This outcome analysis included 51 relevant studies with a total of 6,512 participants (3,273 for laparoscopic appendectomy and 3,239 for open appendectomy) (Fig. 2). The total numbers of events were 61 in the laparoscopic appendectomy group (1.80 %) and 43 in the open appendectomy group (1.30 %). The overall OR was 1.34 (95 % CI 0.92–1.94) in the fixed-effects model and 1.32 (95 % CI 0.84–2.10) in the random-effects model. The overall I 2 was 6 %. A visual inspection of the funnel plot for small-study effects did not show asymmetry (Fig. 3). A cumulative meta-analysis demonstrated that the CI narrowed until it identified the first significant difference in favor of open appendectomy in the trial published in 2001 (OR 2.35, 95 % CI 1.30–4.25). However, as more studies were added, the CI shifted to the left in favor of laparoscopic appendectomy. Finally, the CI included the value 1 in 2010, and there was no significant difference (Fig. 4).
Sixty studies and 7,462 participants (3,736 for laparoscopic appendectomy and 3,726 for open appendectomy) were included for this outcome (Fig. 5). The total numbers of events were 123 in the laparoscopic appendectomy group (3.29 %) and 290 in the open appendectomy group (7.78 %). The overall OR was 0.41 (95 % CI 0.33–0.51) in the fixed-effects model and 0.47 (95 % CI 0.38–0.59) in the random-effects model. The overall I 2 was 0 %. A visual inspection of the funnel plot showed slight asymmetry in small studies (Fig. 6). A cumulative meta-analysis showed that the significant difference was first observed in the seventh study in 1995, and that this trend did not change substantially with subsequent studies (Fig. 7).
There were 43 studies with a total of 4,202 participants (2,135 for laparoscopic appendectomy and 2,067 for open appendectomy) that compared the operative time between laparoscopic appendectomy and open appendectomy (Fig. 4). The average operative times were 57.3 min for laparoscopic appendectomy and 47.0 min for open appendectomy. The overall MD was 4.4 min longer for laparoscopic appendectomy (95 % CI 3.5–5.3) in the fixed-effects model and 10.1 min (95 % CI 5.9–14.3) in the random-effects model. The I 2 value was 95 %. Significant heterogeneity was found, and thus a cumulative meta-analysis was not performed.
Length of hospital stay
Thirty-nine studies with a total of 4,240 participants (2,165 for laparoscopic appendectomy and 2,153 for open appendectomy) were included for this outcome (Fig. 5). The average length of hospital stay was 3.21 days for laparoscopic appendectomy and 4.40 days for open appendectomy. The MD of the length of hospital stay was 1.08 days shorter for laparoscopic appendectomy (95 % CI 1.01–1.75) in the fixed-effects model and 1.12 days (95 % CI 0.77–1.47) for the random-effects model. The I 2 value was 95 %. Because significant heterogeneity was found, a cumulative meta-analysis was not performed.
Our cumulative meta-analysis of the comparison of laparoscopic appendectomy and open appendectomy for acute appendicitis demonstrated that the evidence provided by the meta-analysis of surgical RCTs can change over time.

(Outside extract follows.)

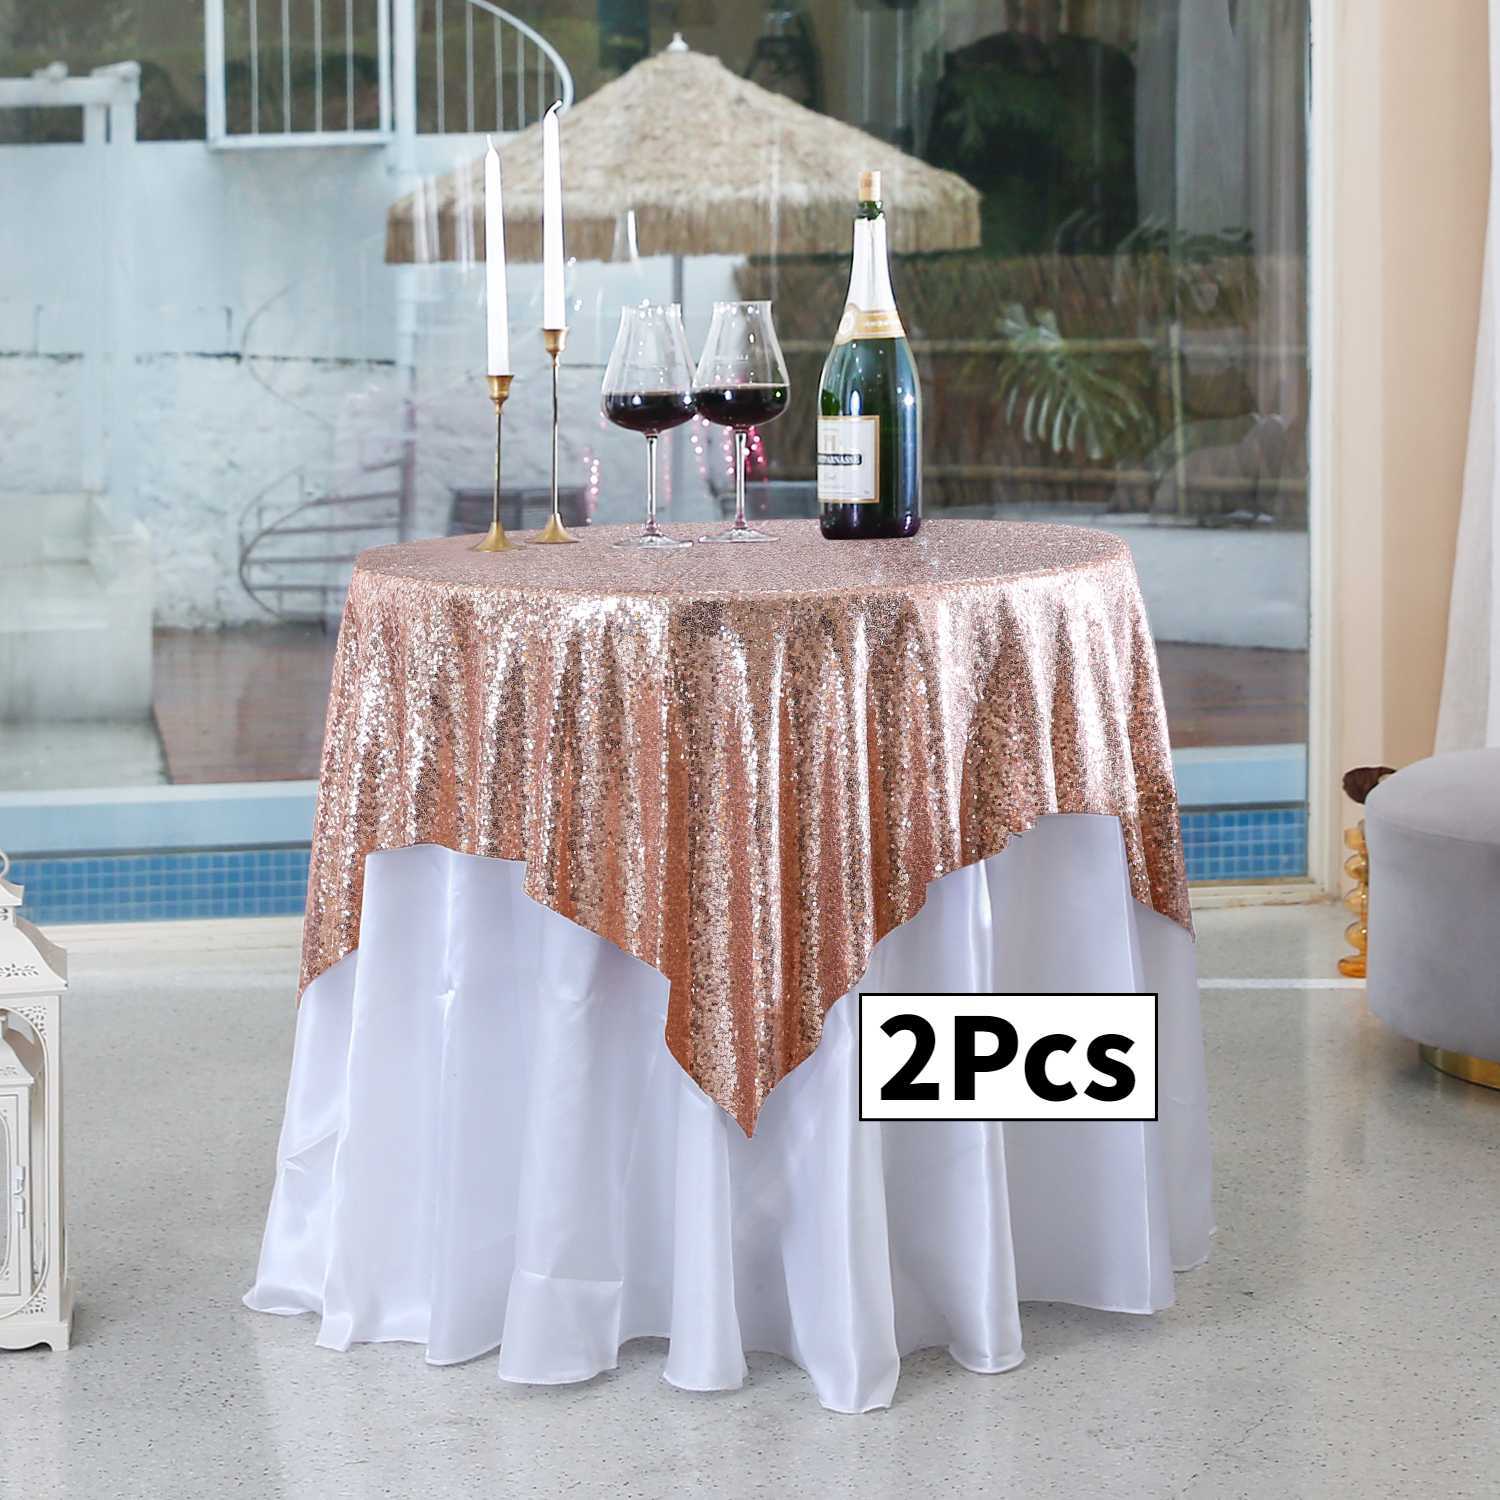  Mantel redondo de plástico para mesas de hasta 72 pulgadas  (azul, 84 pulgadas, paquete de 12) : Hogar y Cocina

Intra-abdominal abscesses were significantly more frequent in the laparoscopic appendectomy group during the period from 2001 to 2009, but this significance disappeared as more trials accumulated. Our present findings visually demonstrated how evidence changes over time in the surgical field. Although other outcome measures did not exhibit the same transition as intra-abdominal abscess, all of the outcome measures demonstrated similar trends in favor of laparoscopic appendectomy.
Fluctuation of evidence
When there is evidence concerning the effectiveness of a medical intervention, one can reasonably conclude that no further research is needed on the topic. However, previous studies have shown that the results of meta-analyses are underused, and many RCTs are conducted even after significant evidence has been demonstrated through a meta-analysis [2, 17]. Some researchers have contended that it is unethical and a waste of resources to randomize participants in unnecessary trials, and they emphasized the importance of avoiding redundant trials. In the meta-analysis from a Cochrane review published in 2010 , intra-abdominal abscess was significantly more frequent in laparoscopic appendectomy than open appendectomy (albeit with moderate heterogeneity), but the present study illustrates that a significant result turned insignificant. The findings of our study thus provide an example in which large intervention effects are not always conclusive, and they fluctuate over time. Fluctuation was not found in the wound infection outcome data, and the result was consistently in favor of laparoscopic appendectomy. Penninga et al. have shown strong evidence of favoring laparoscopic appendectomy for wound infection using a trial sequential analysis , and our result is consistent with this.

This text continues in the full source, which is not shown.